# Walking (safely) on a Metal Roof



## Gymschu (Dec 12, 2010)

As a painter, I have several projects this year which will require walking on metal roofs to get to some areas that need painting. None of these roofs have steep pitches. Are there special shoes that can give me some extra traction? On a side note, I slipped and fell on a metal roof because I didn't see some morning dew on the surface.


----------



## joecaption (Nov 30, 2011)

Sneaker should work.
I like to use one of these on the ladder.
http://www.badgerladder.com/p.92/roofing-equipment-roof-hooks.aspx


----------



## seeyou (Dec 12, 2008)

If it's a standing seam roof, you can clamp sheet metal vice grips to the seams in several places and lay a 2x4 across the top of them to give you a toe hold.


----------



## Gymschu (Dec 12, 2010)

Joe, Seeyou, thanks for the suggestions.........I'll give both ideas a try.......and upgrade the tread on my sneakers!

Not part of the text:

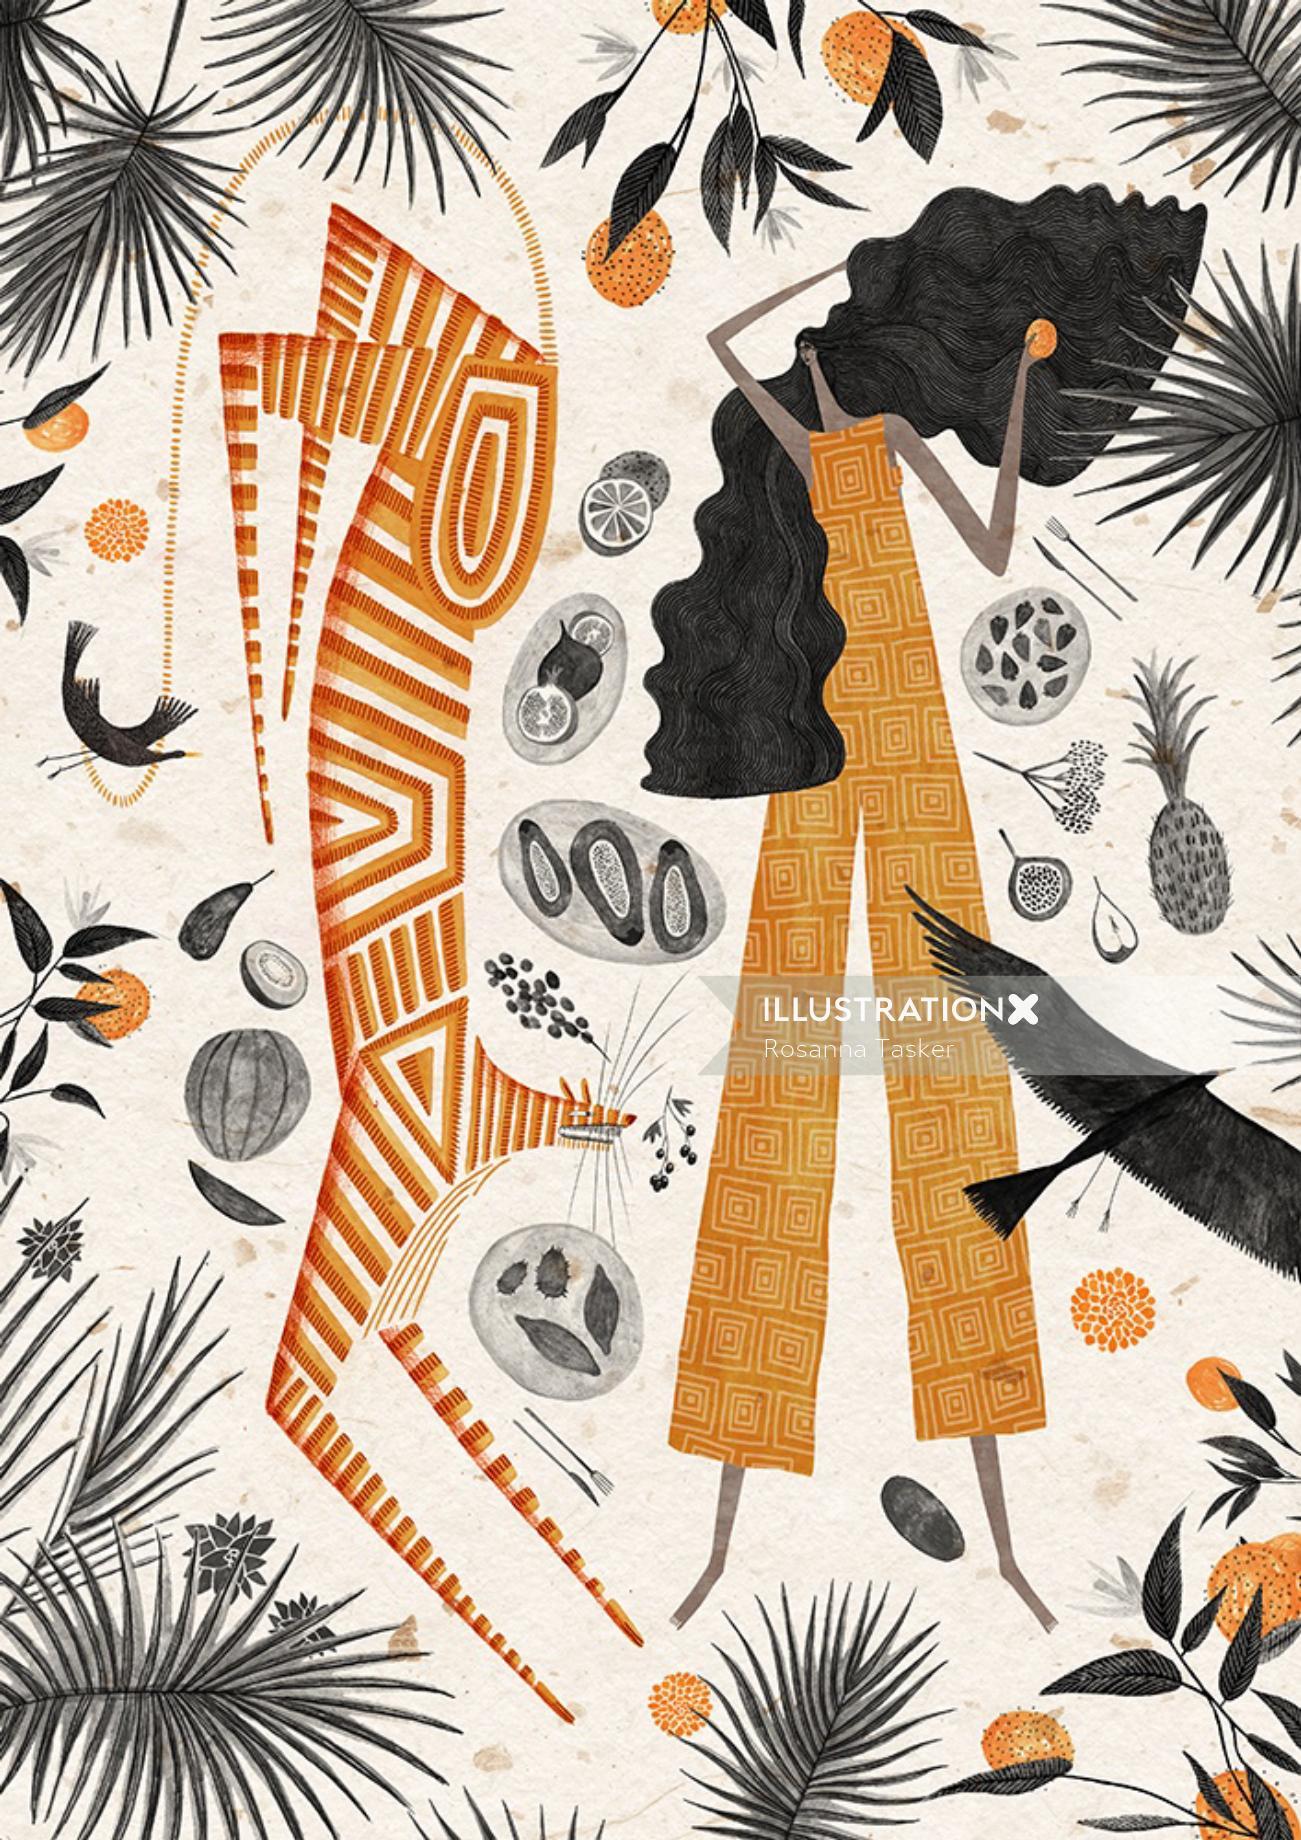 Illustration for Folklore Exhibition

I will add that I am a bit timid up on these roofs because when you fall, there's no warning, you go down & you go down HARD!


----------



## Windows on Wash (Aug 30, 2011)

Be sure to get something in your contract (in writing) that you will not be responsible for any shoe prints or any other normal foot traffic marks on the roof.

If you damage it, yes...you should be responsible. 

That being said, if the finish is beyond serviceable and the surface is very chalked, even light foot traffic will show and you will be on the hook for it.

Just giving you a heads up and you should very carefully inspect the surface prior to walking it.


----------